The Respondent did not reply to the Complainant’s contentions.

The fact that the Respondent has not submitted a Response does not automatically result in a decision in favour of the Complainant. However, the failure of the Respondent to file a Response may result in the Panel drawing certain inferences from the Complainant’s evidence. The Panel may accept all reasonable and supported allegations and inferences following from the Complaint as true (see Entertainment Shopping AG v. Nischal Soni, Sonik Technologies, WIPO Case No. D2009-1437 and Charles Jourdan Holding AG v. AAIM, WIPO Case No. D2000-0403).
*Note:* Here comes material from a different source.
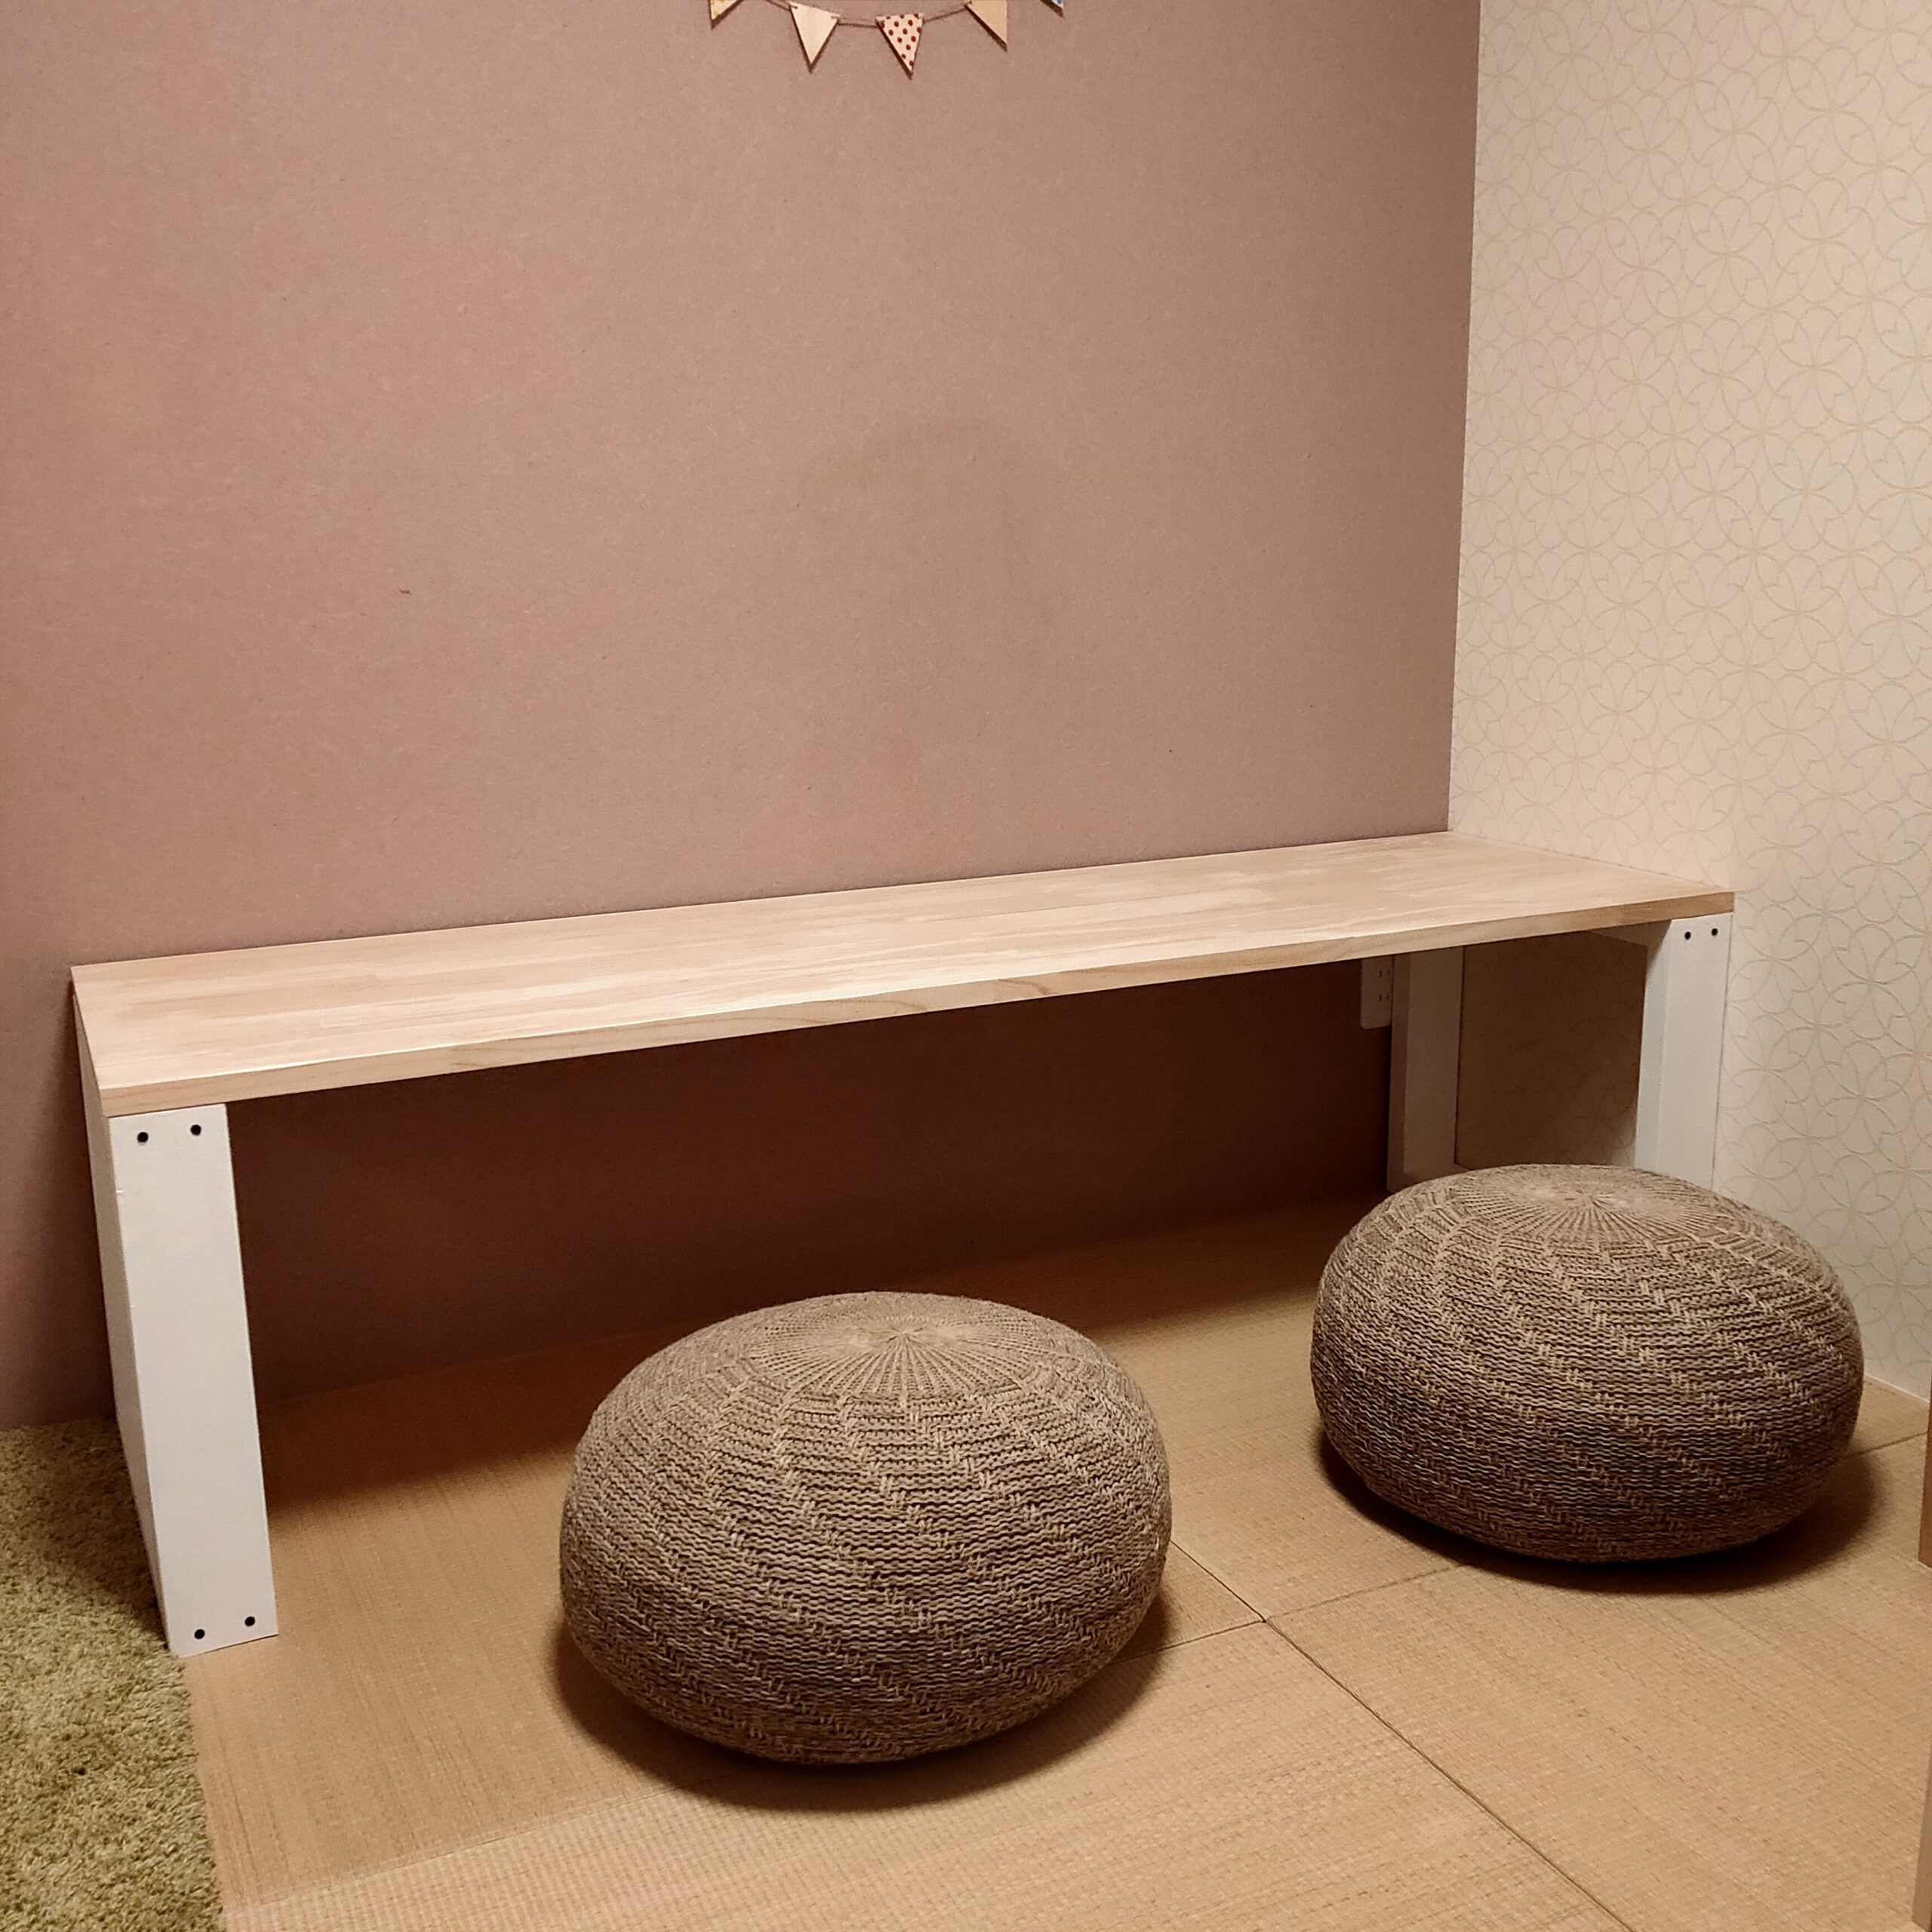 和室に合うおしゃれなクッション座椅子【1選】IKEAのサンダレードが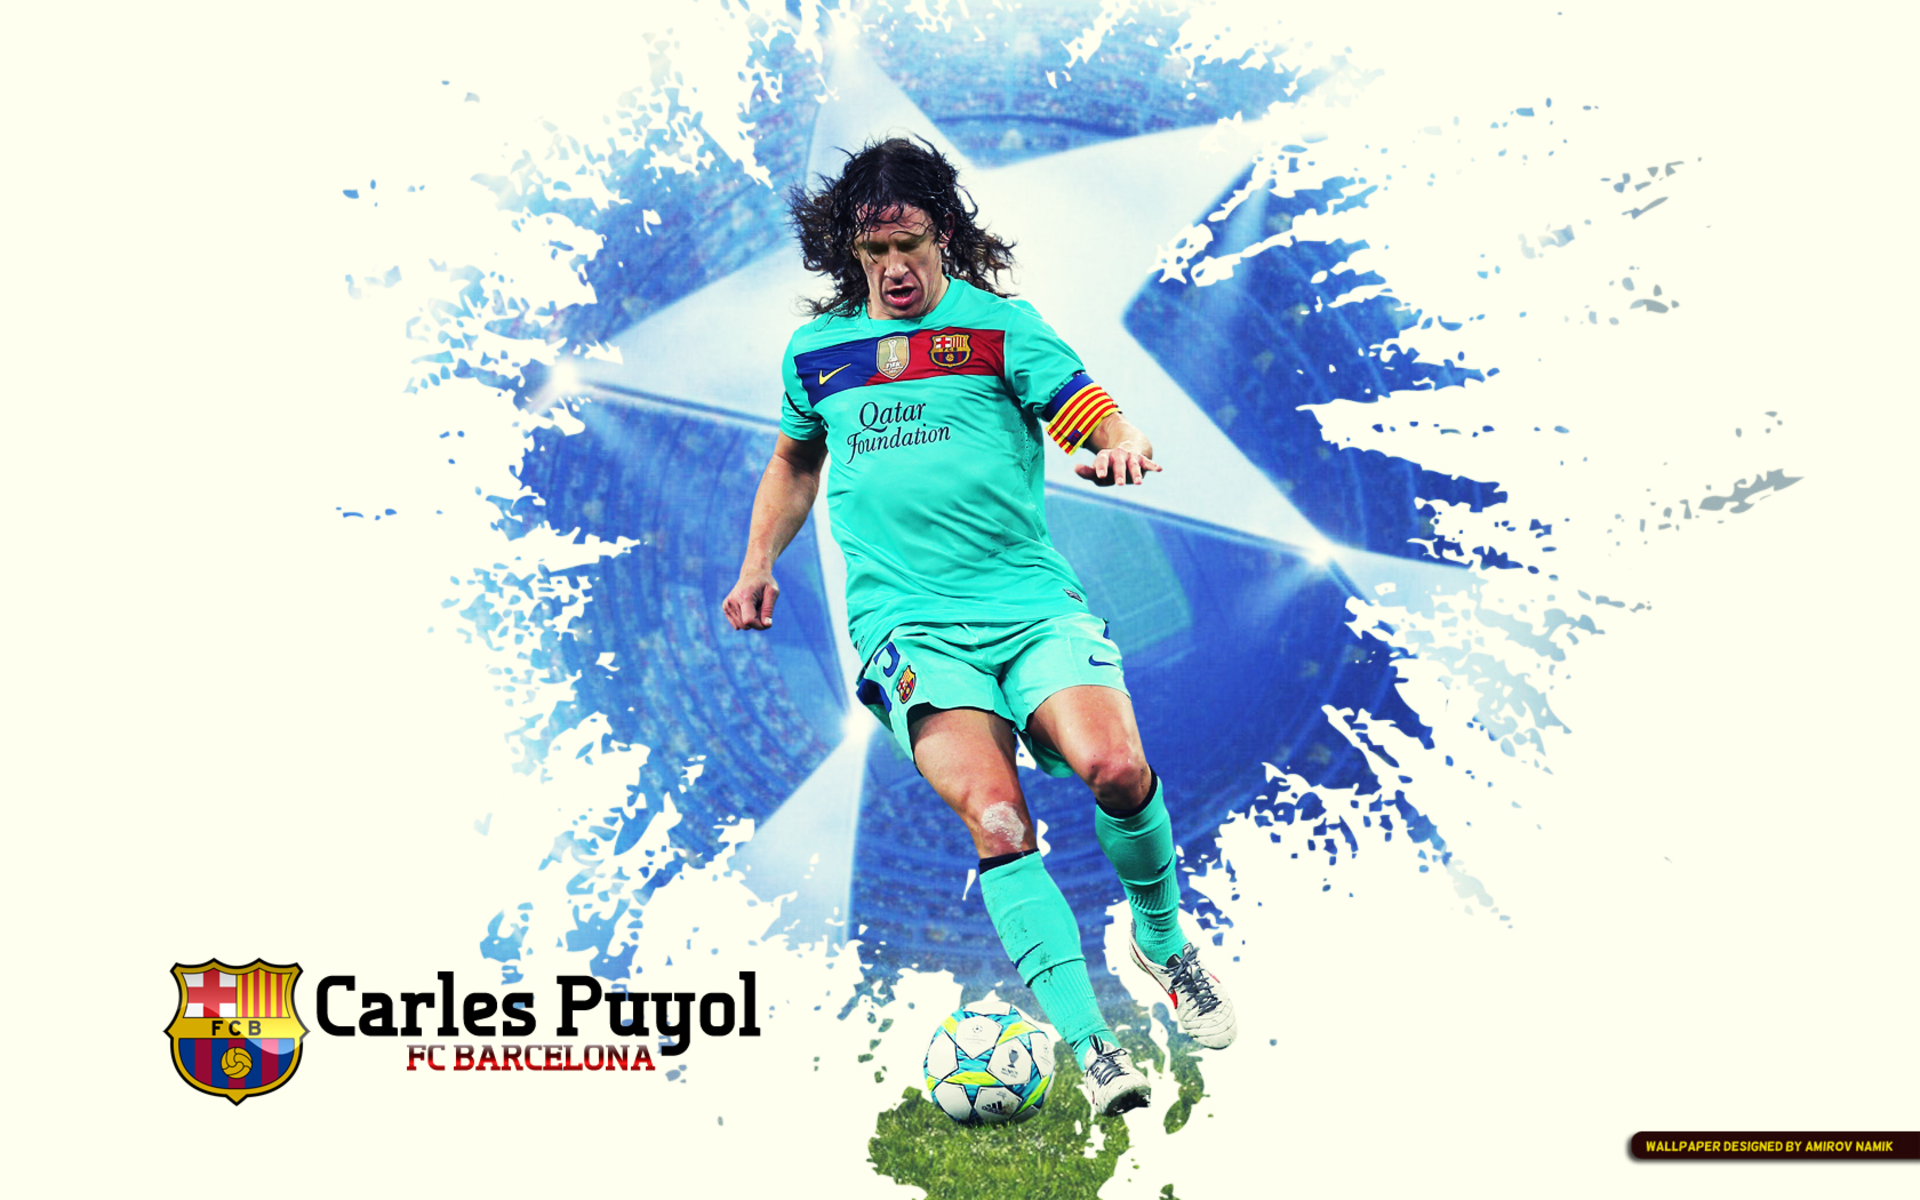 Carles Puyol Wallpapers

7. Discussion and Findings

Under paragraph 4(a) of the Policy, the burden of proof lies with the Complainant to show each of the following three elements:

(a) the Disputed Domain Name is identical or confusingly similar to a trade mark or service mark in which the Complainant has rights;

(b) the Respondent has no rights or legitimate interests in respect of the Disputed Domain Name; and

(c) the Disputed Domain Name has been registered and is being used by the Respondent in bad faith.

A. Identical or Confusingly Similar

The Panel accepts that the Complainant has rights in respect of the BIG CARTEL trade mark on the basis of its registration for such trade mark in the United States dated February 10, 2009.

It is a well-established rule that in making an enquiry as to whether a trade mark is identical or confusingly similar to a domain name, the domain extension, in this case <.tv>, should be disregarded (Rohde & Schwartz GmbH & Co. KG v Pertshire Marketing Ltd, WIPO Case No. D2006-0762).

The Disputed Domain Name incorporates the BIG CARTEL trade mark in its entirety and in terms of both visual and aural characteristics, is an identical reproduction of the Complainant’s trade mark.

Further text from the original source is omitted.